→ WHAT IS NEEDED:
Shown below are entries with pictures; the line with "008680A - radlice 80 cm" through the line with "Slot machine gioco azzardo 2" is the span to retype exactly, and the pictures stay out.

→ PROVIDED DATA:
Segment Open

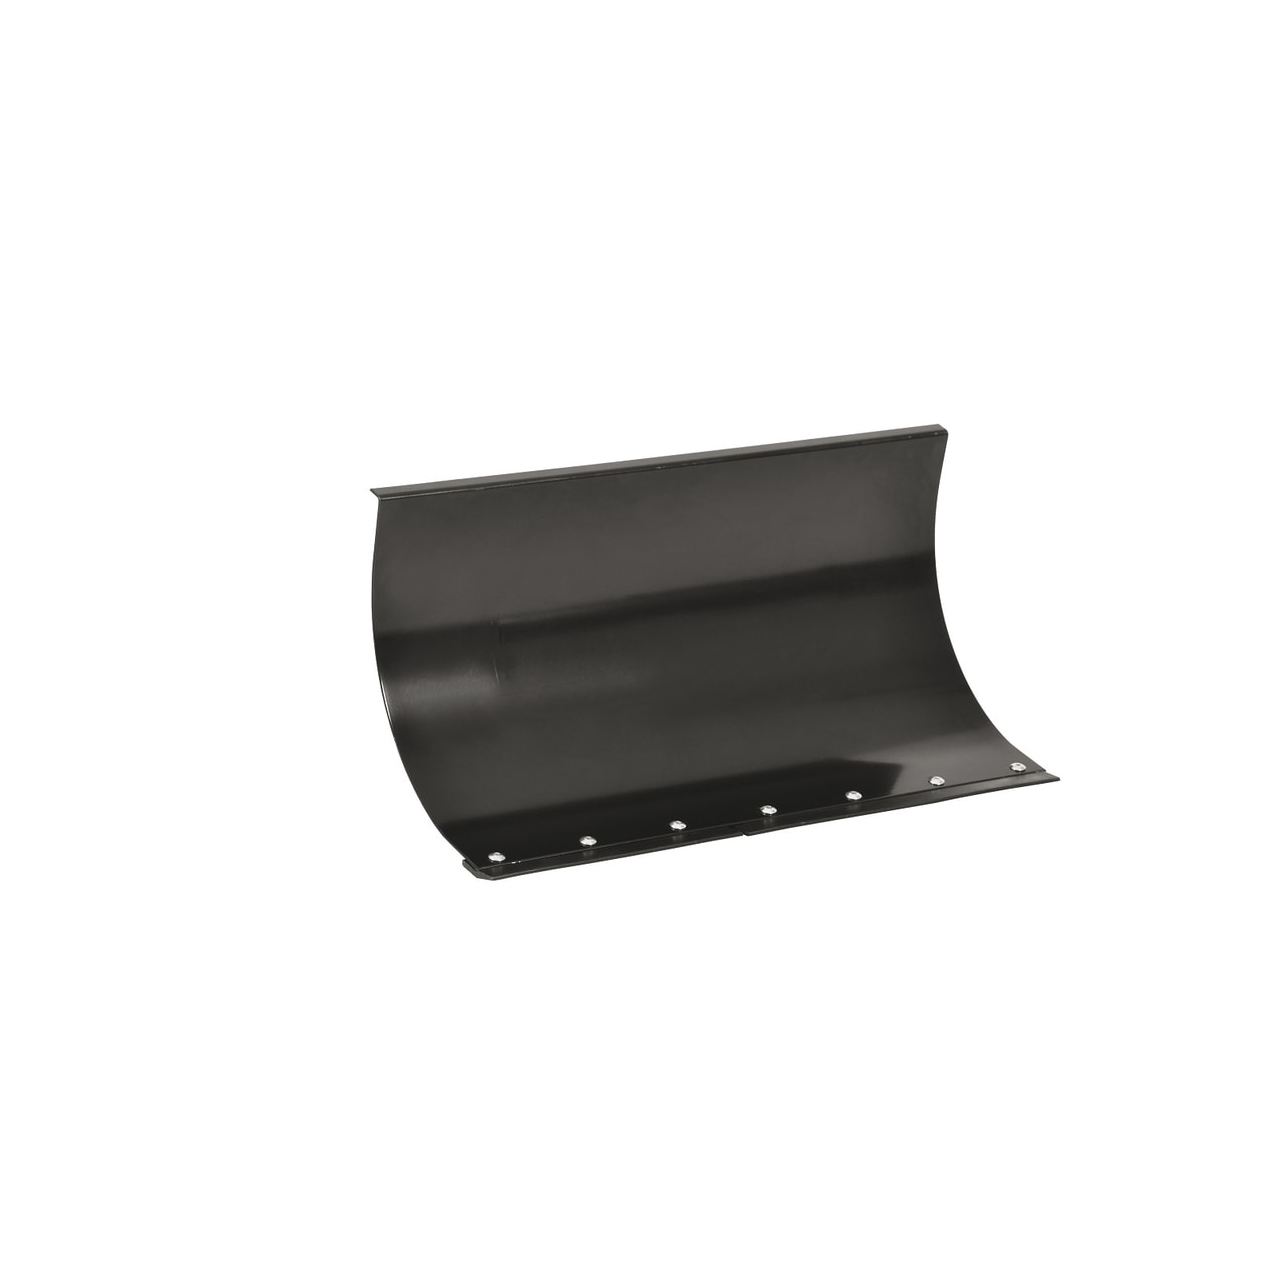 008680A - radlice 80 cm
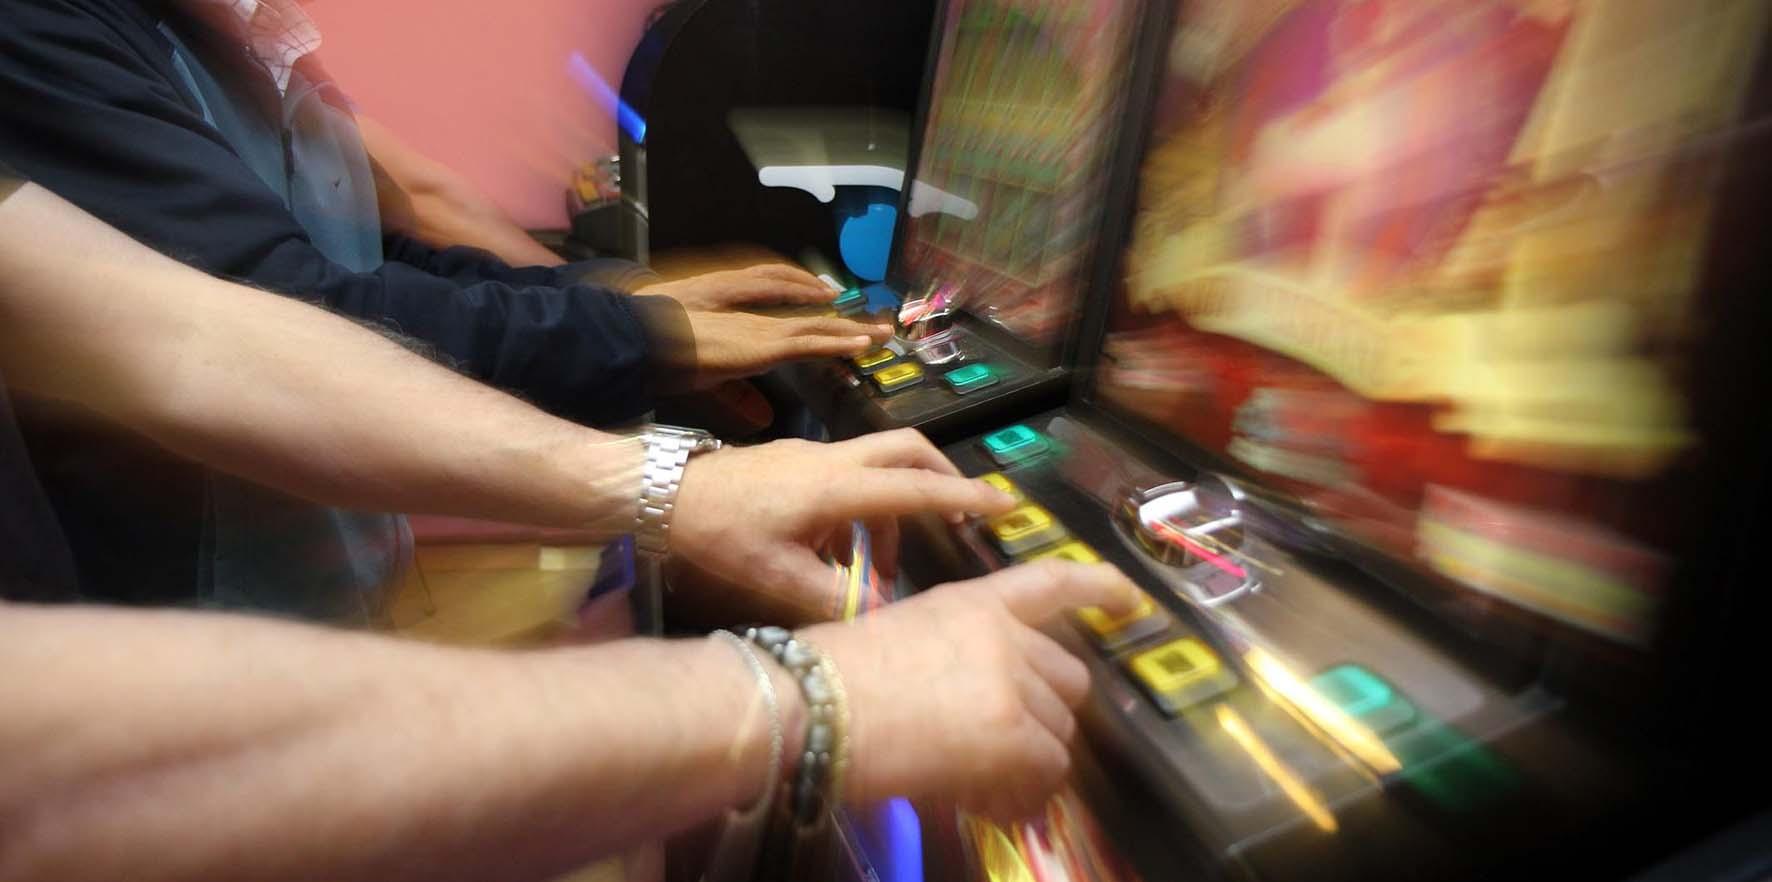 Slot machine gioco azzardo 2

Segment Closed
Segment Open

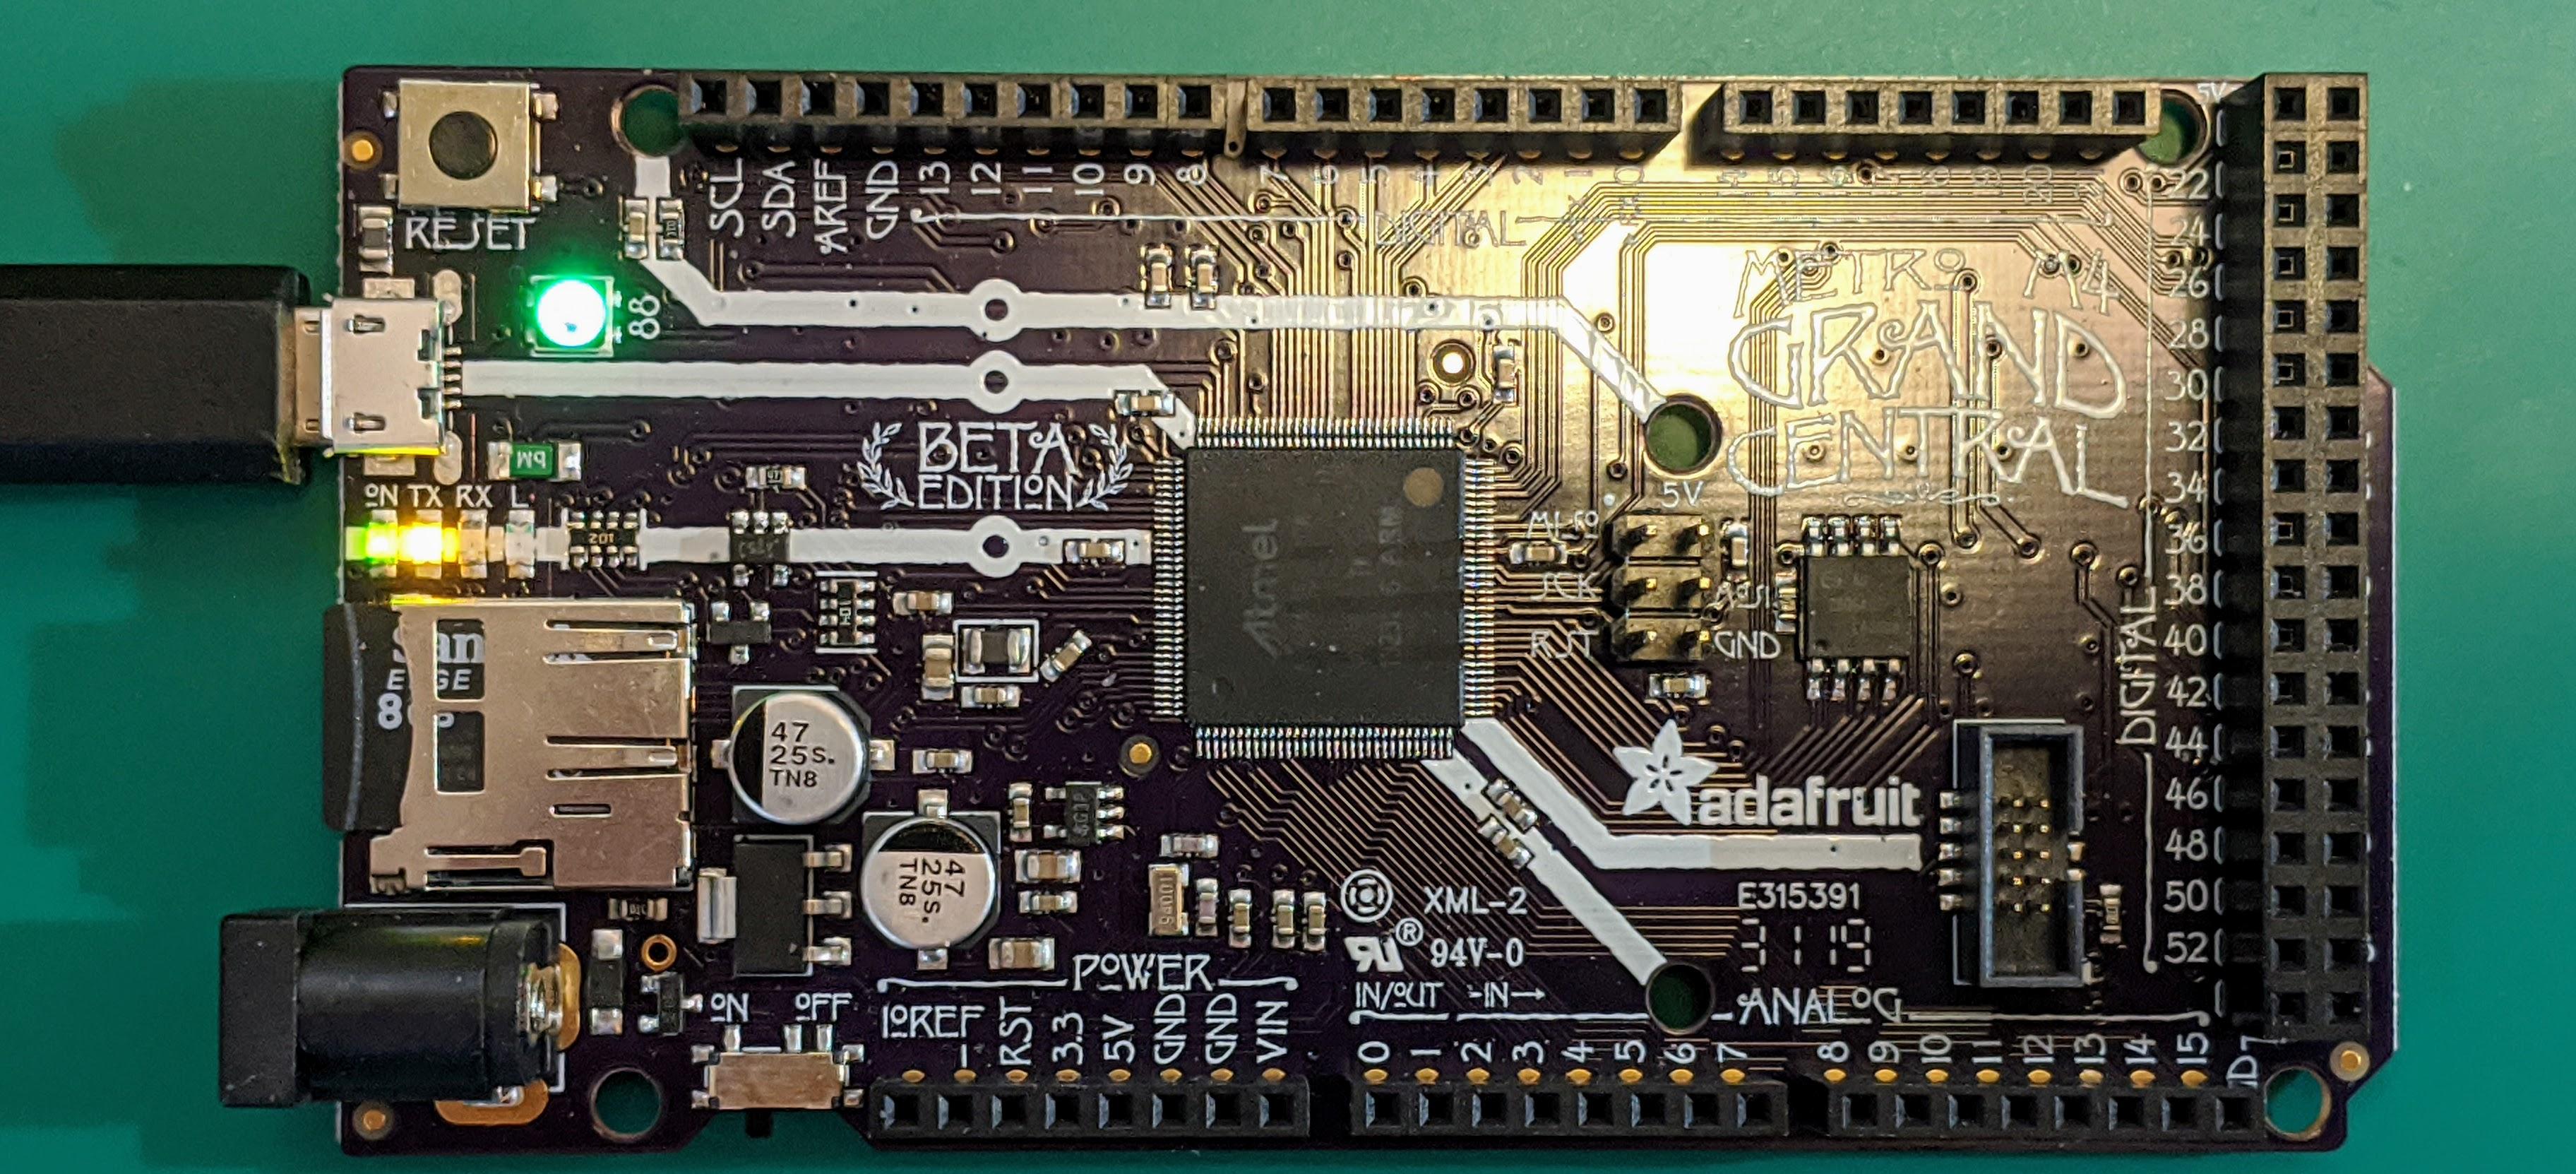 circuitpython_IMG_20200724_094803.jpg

Segment Closed

→ SOLUTION TO THIS PROBLEM:
 008680A - radlice 80 cm
 Slot machine gioco azzardo 2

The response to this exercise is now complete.